▶ Your instructions
Restate the data below word for word, omitting pictures.

▶ Given data
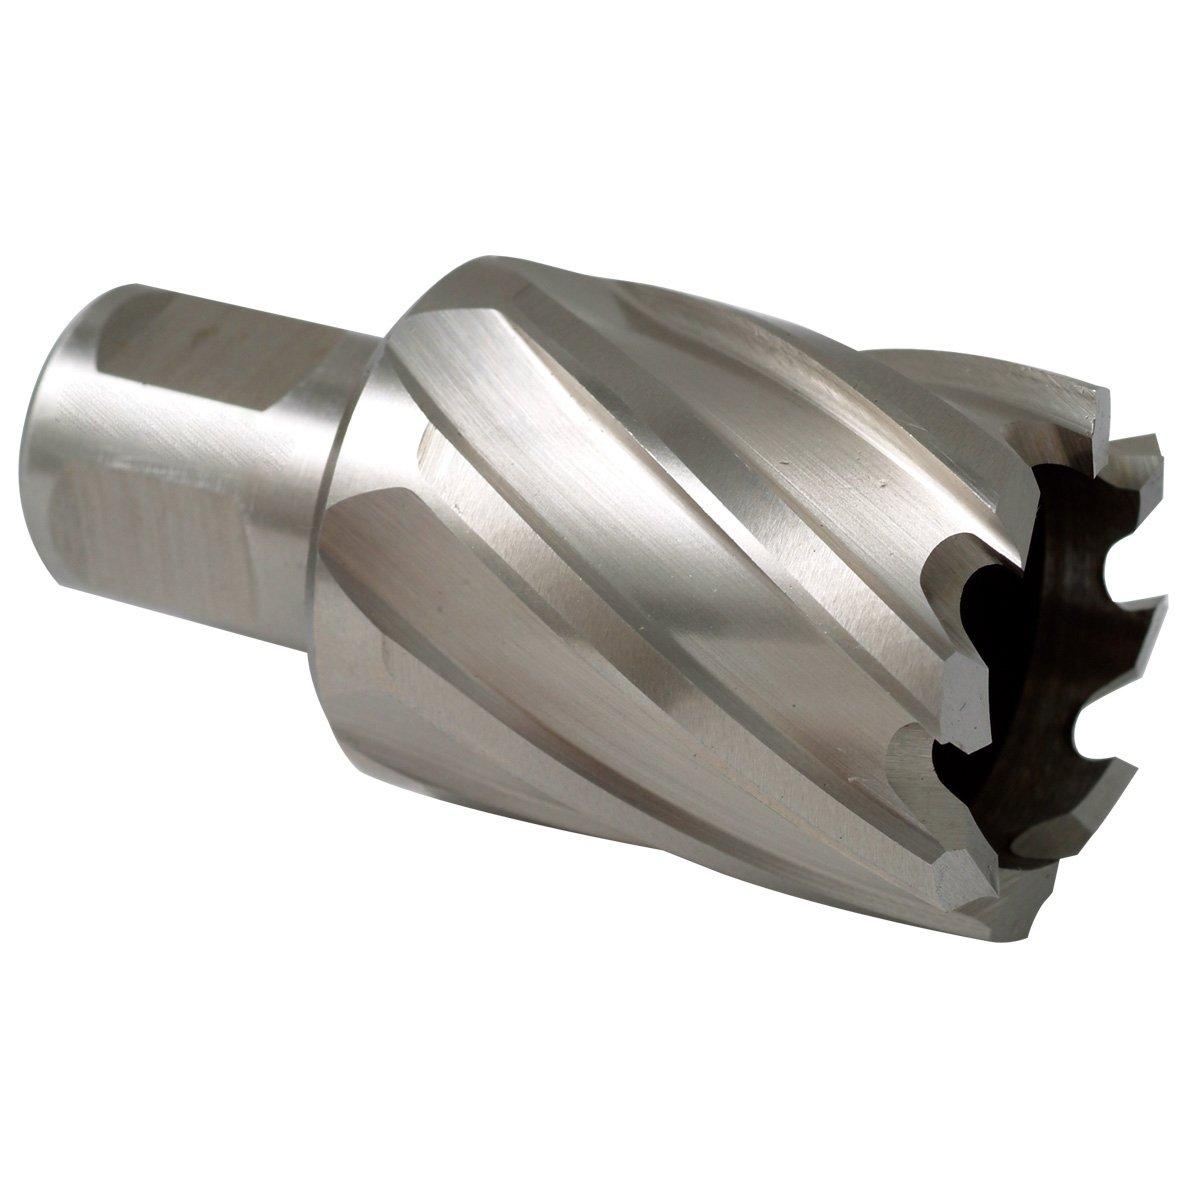 1-1//2 3//4 Shank HHIP 5022-1500 1 Depth M35 Cobalt Annular Cutter
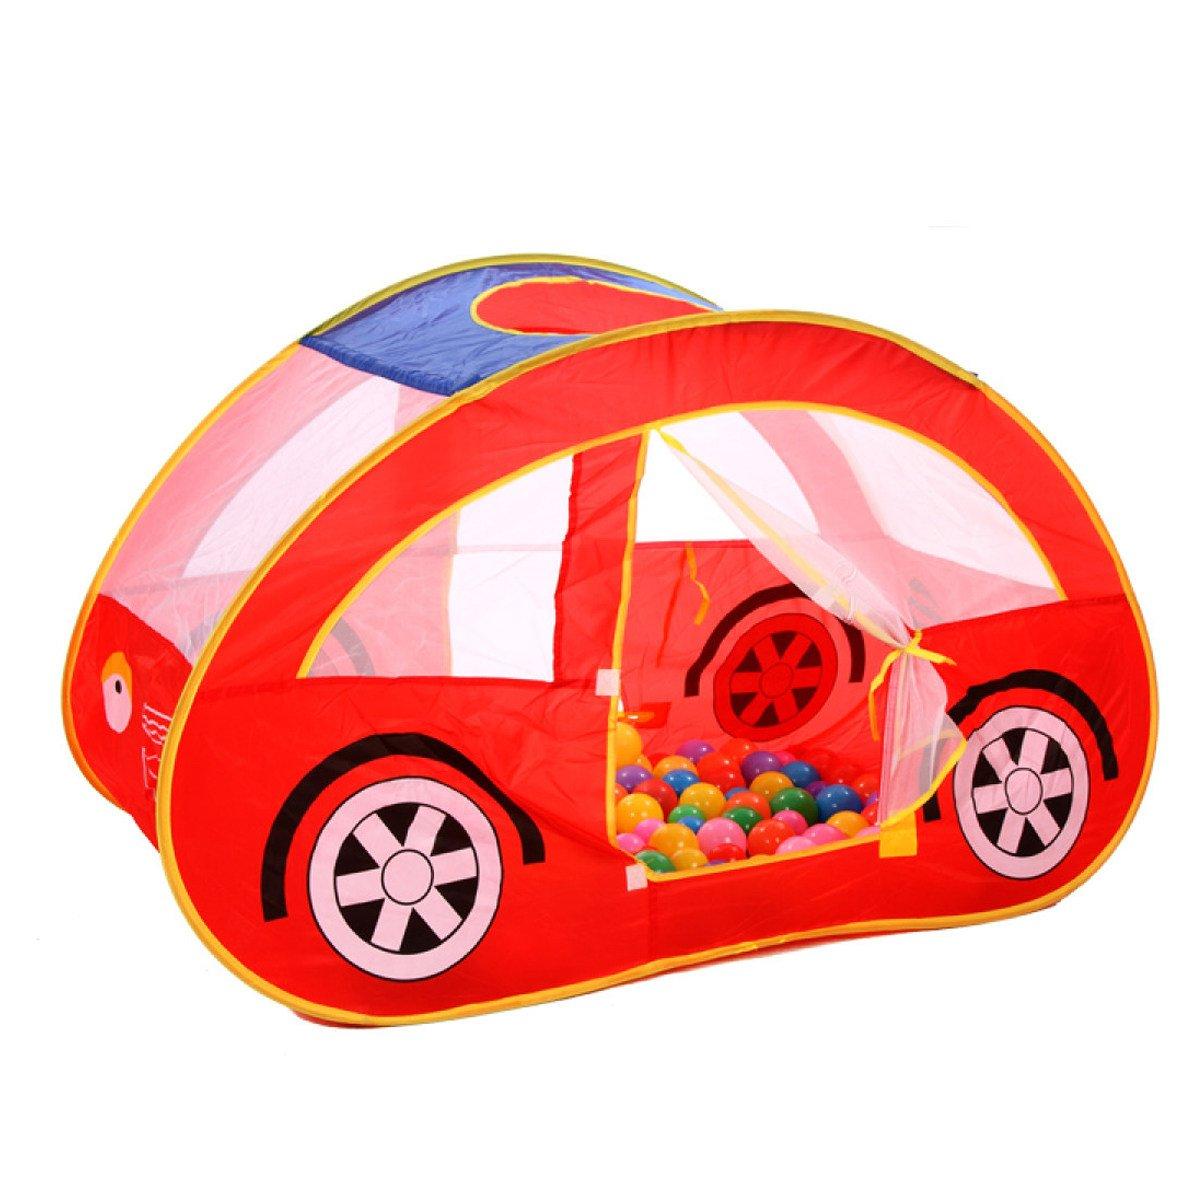 70% de descuento Tienda Para Niños Juegos Juegos Juegos De Coches Para Niños Casa Bebé Cubierta Plegable Casa Ocean Ball  nueva marca
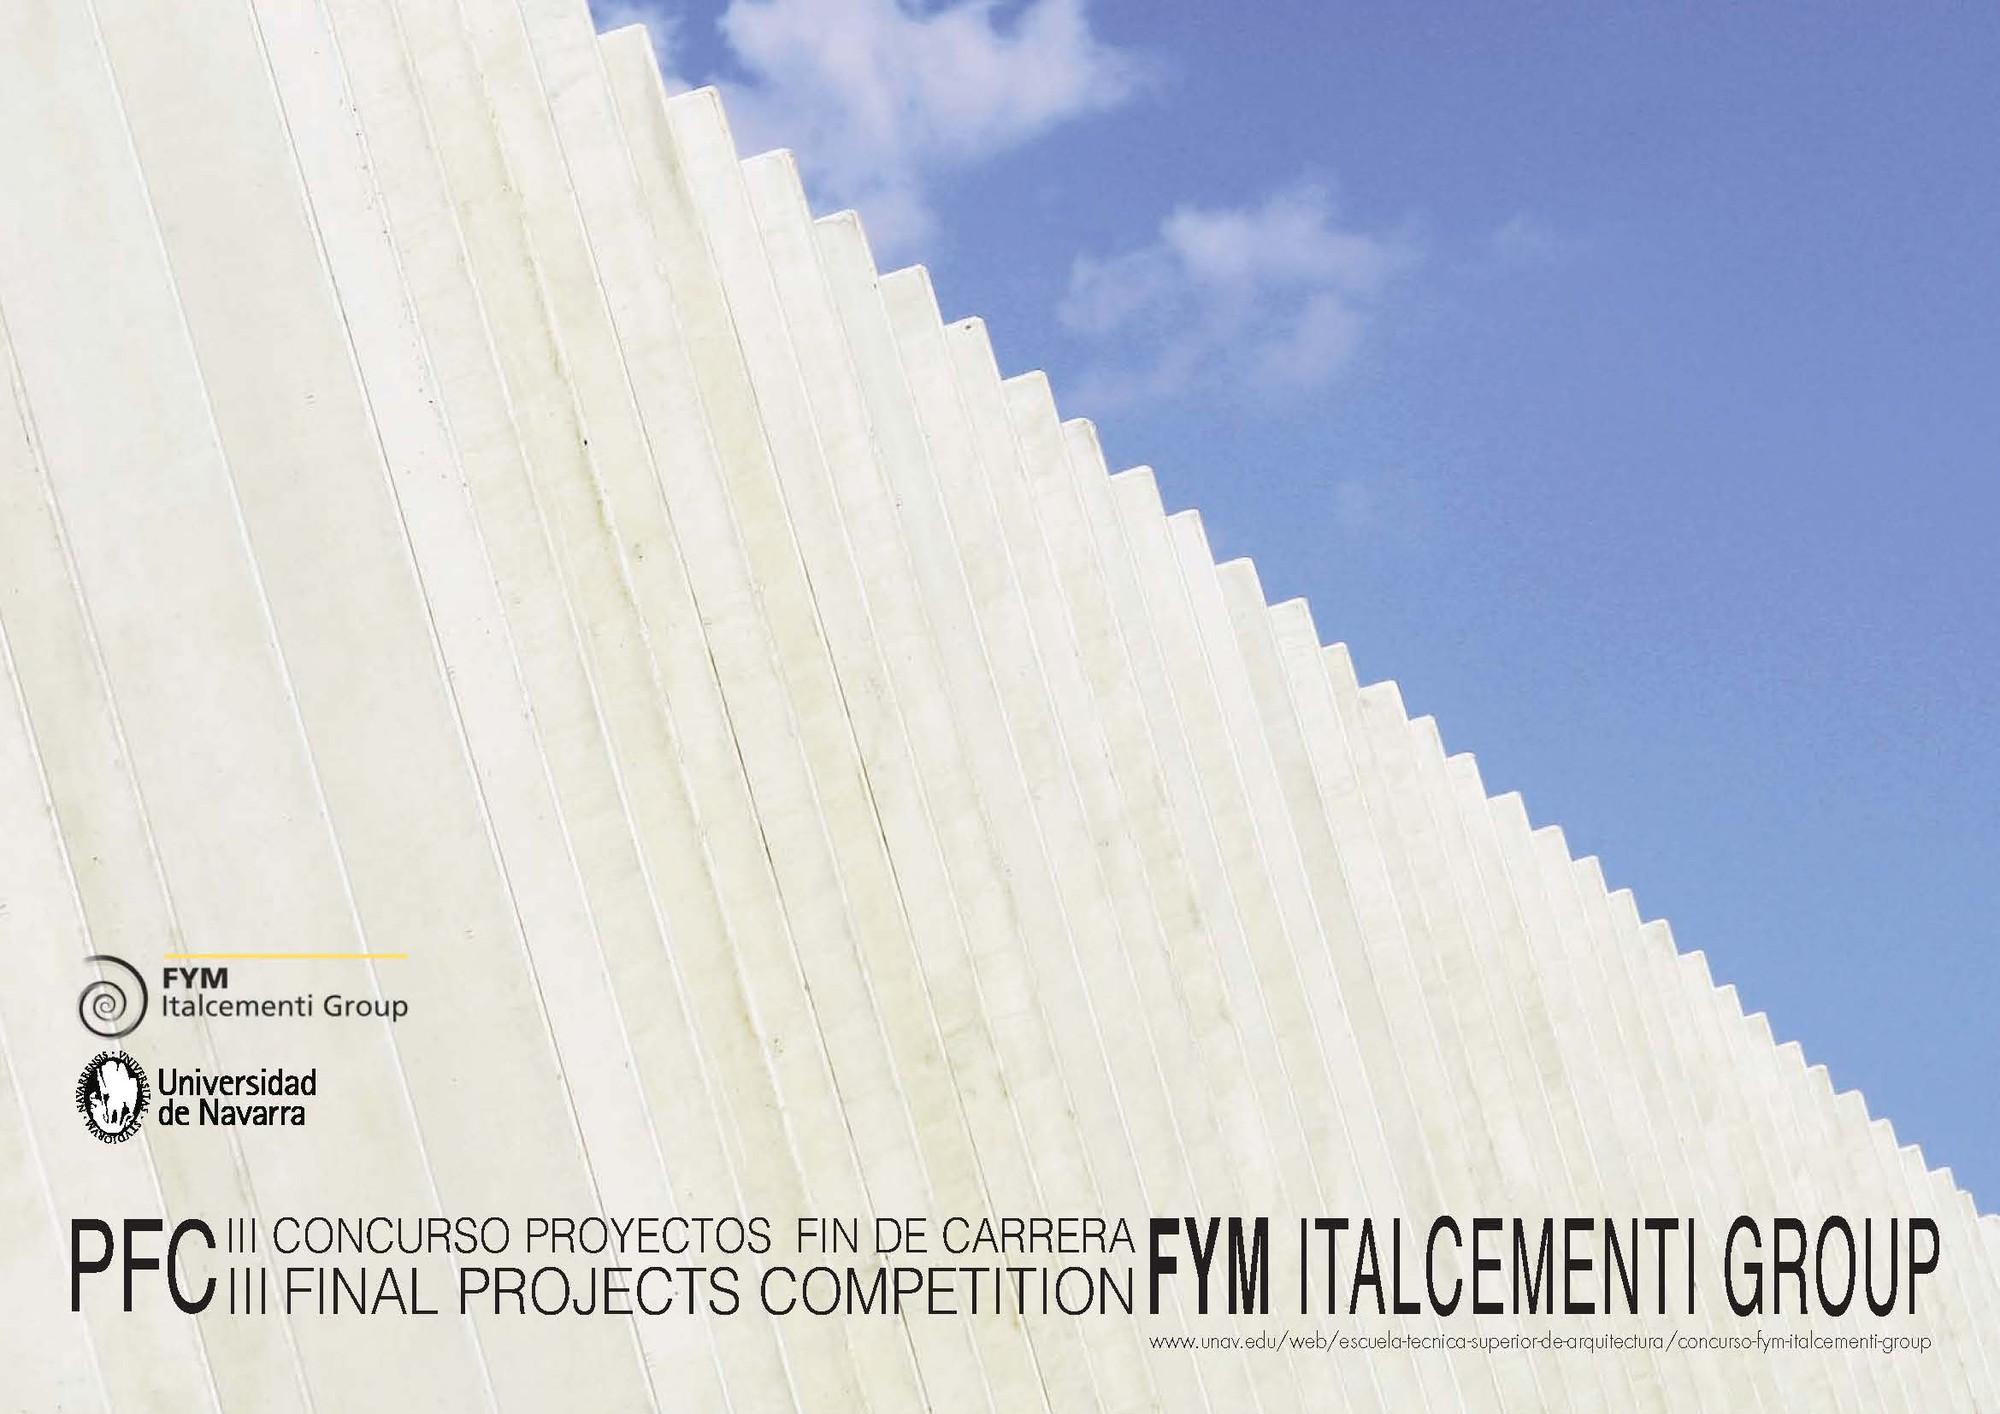 Concurso de Proyectos fin de carrera / Universidad de Navarra + FYM

▶ Exercise output
 1-1//2 3//4 Shank HHIP 5022-1500 1 Depth M35 Cobalt Annular Cutter
 70% de descuento Tienda Para Niños Juegos Juegos Juegos De Coches Para Niños Casa Bebé Cubierta Plegable Casa Ocean Ball  nueva marca
 Concurso de Proyectos fin de carrera / Universidad de Navarra + FYM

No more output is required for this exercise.